Repeat the data exactly, please; no pictures belong in the copy.

● **Given information**
┏━━
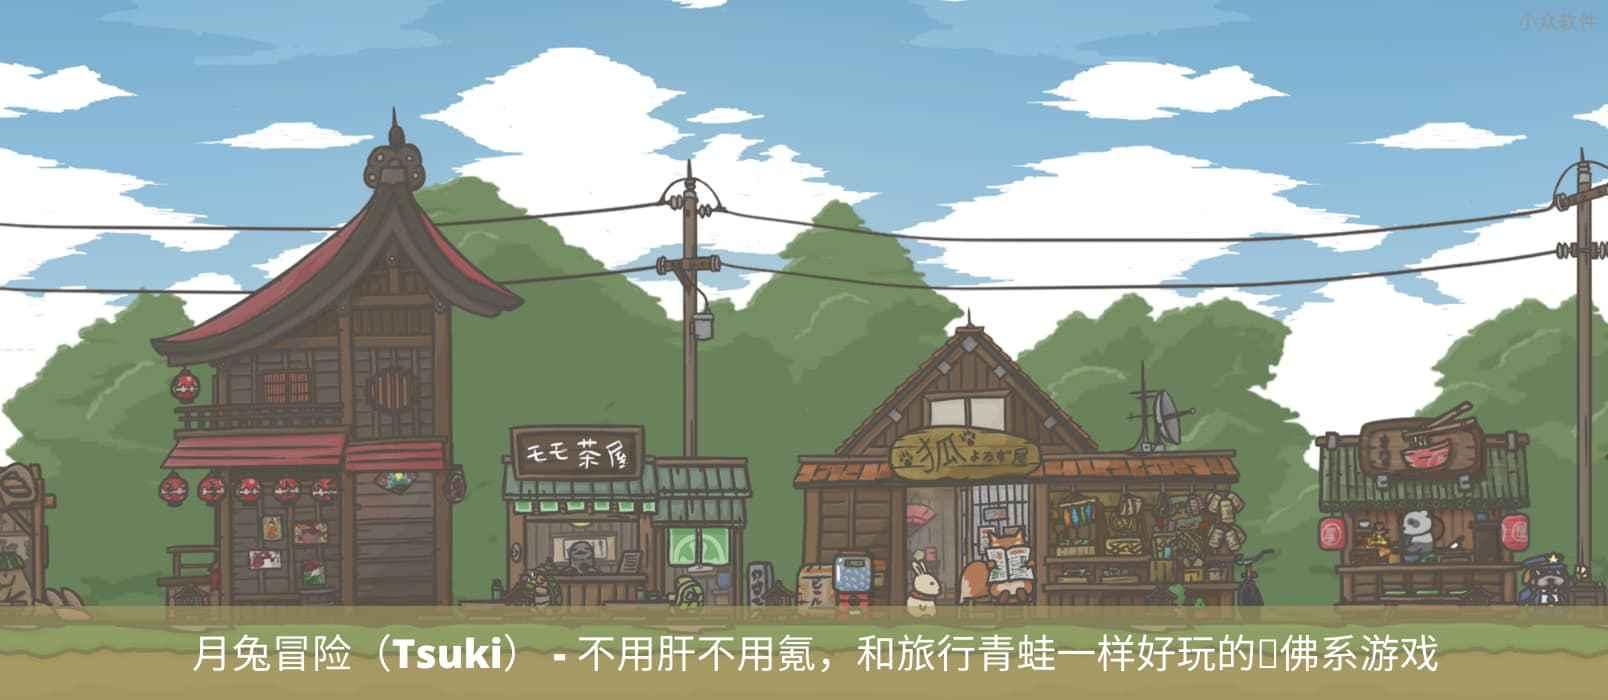 月兔冒险(Tsuki) 与旅行青蛙一样好玩的佛系游戏
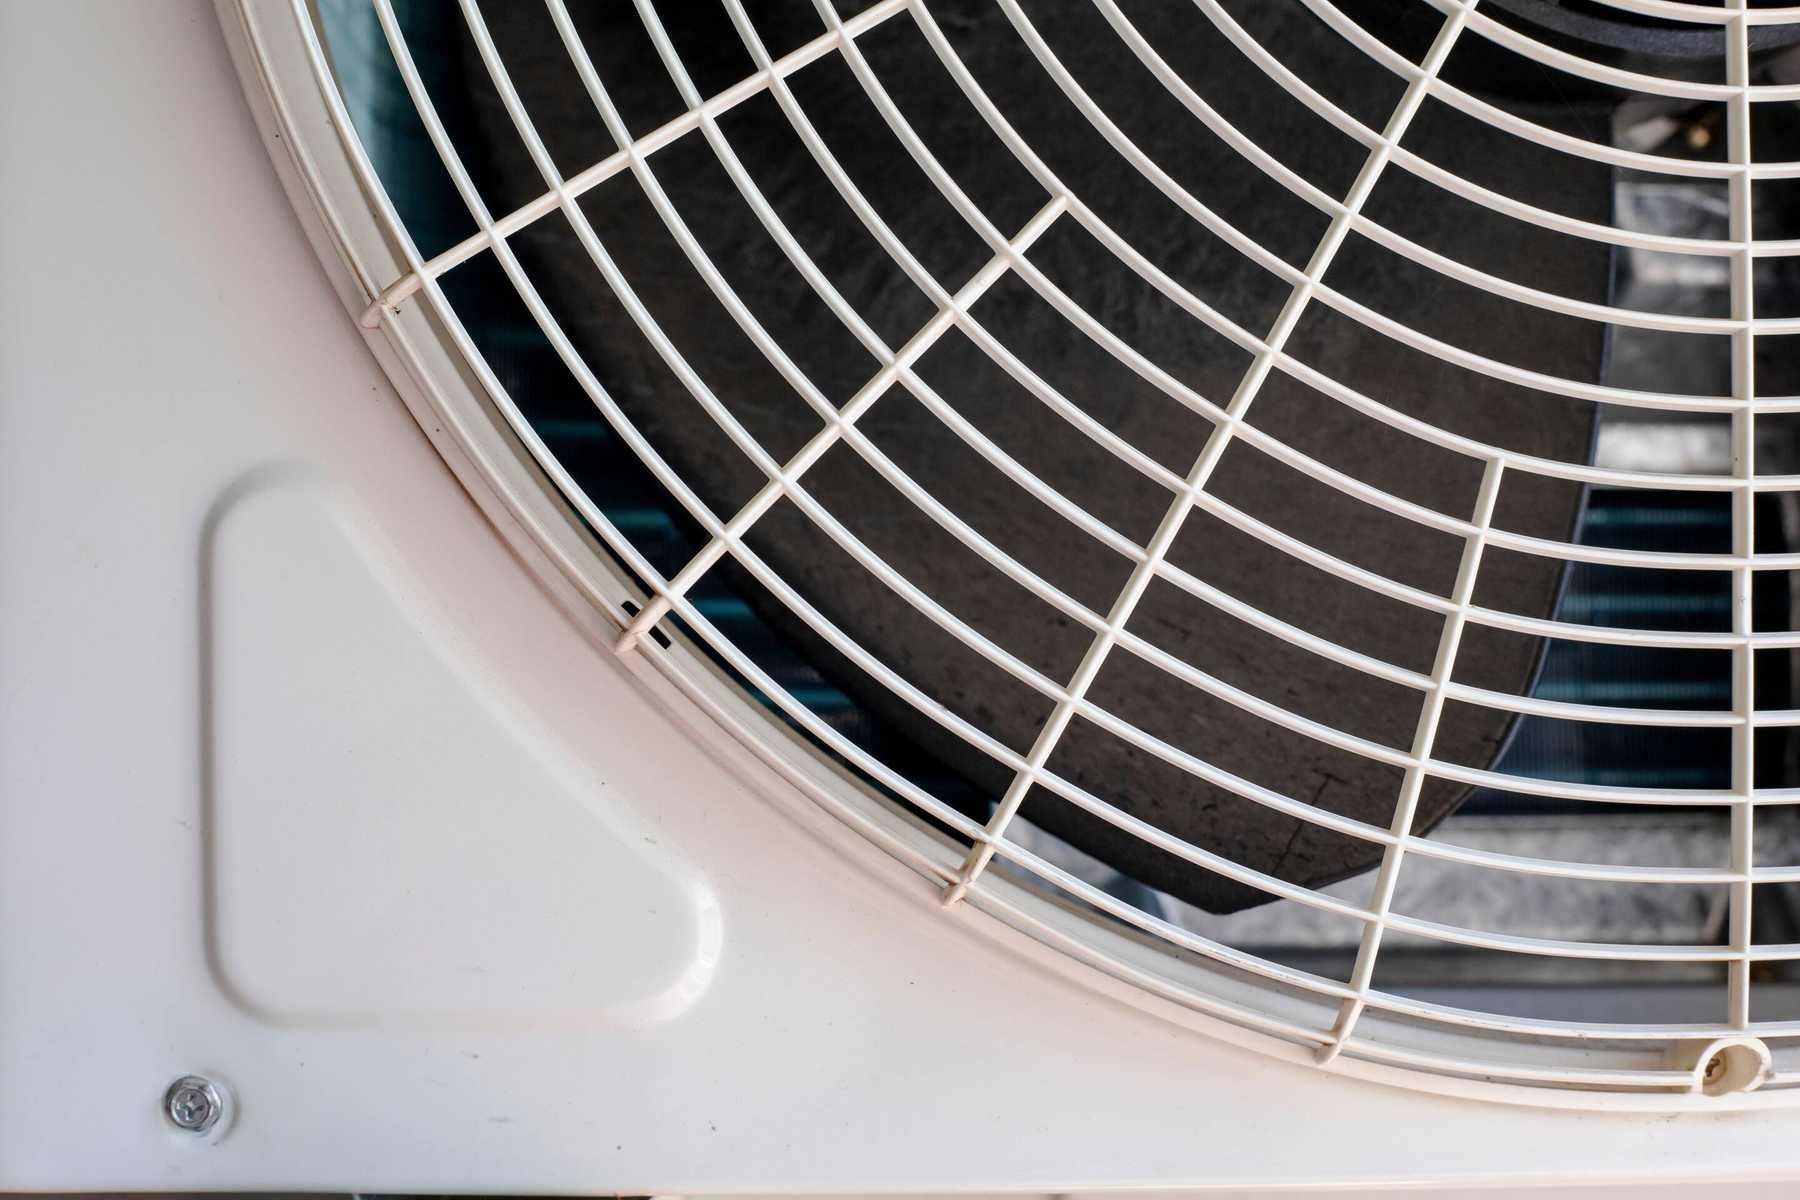 Cách tháo máy lạnh, điều hòa - Tháo cánh quạt đảo gió và khoang chứa
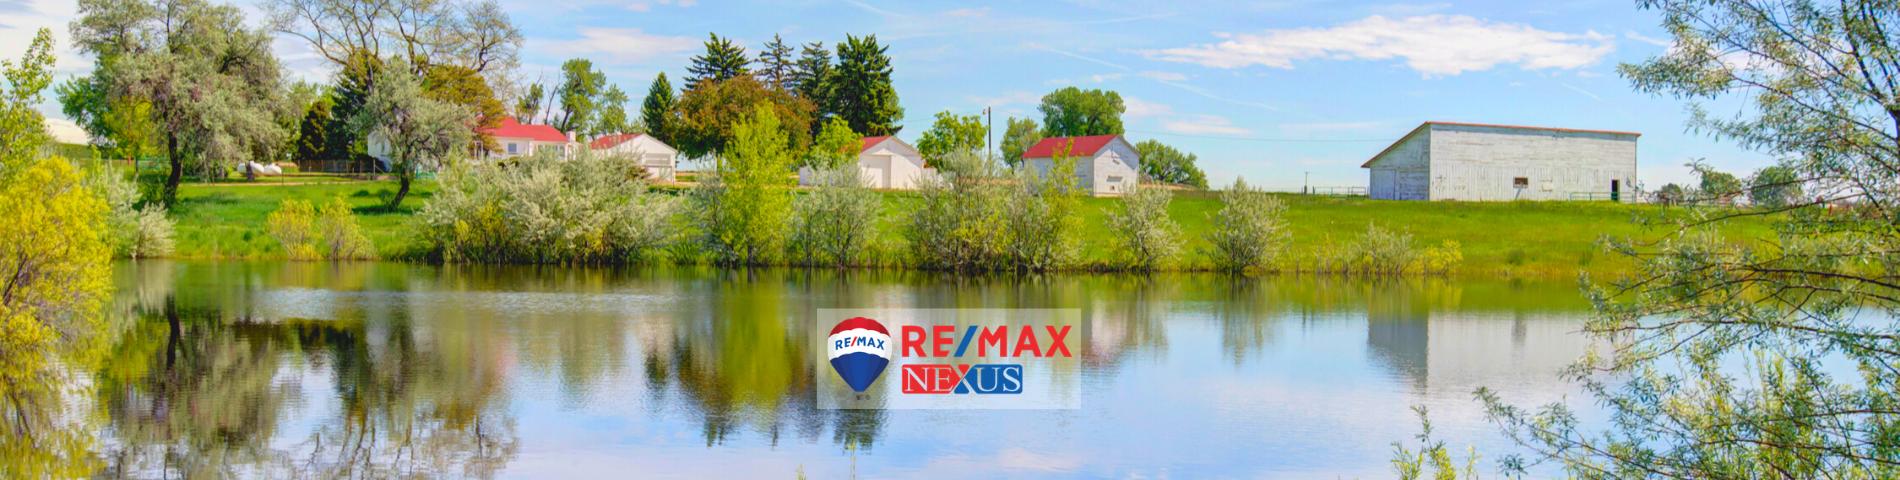 REMAX NEXUS HEADER (2)
┗━━
● **Exercise answer**
 月兔冒险(Tsuki) 与旅行青蛙一样好玩的佛系游戏
 Cách tháo máy lạnh, điều hòa - Tháo cánh quạt đảo gió và khoang chứa
 REMAX NEXUS HEADER (2)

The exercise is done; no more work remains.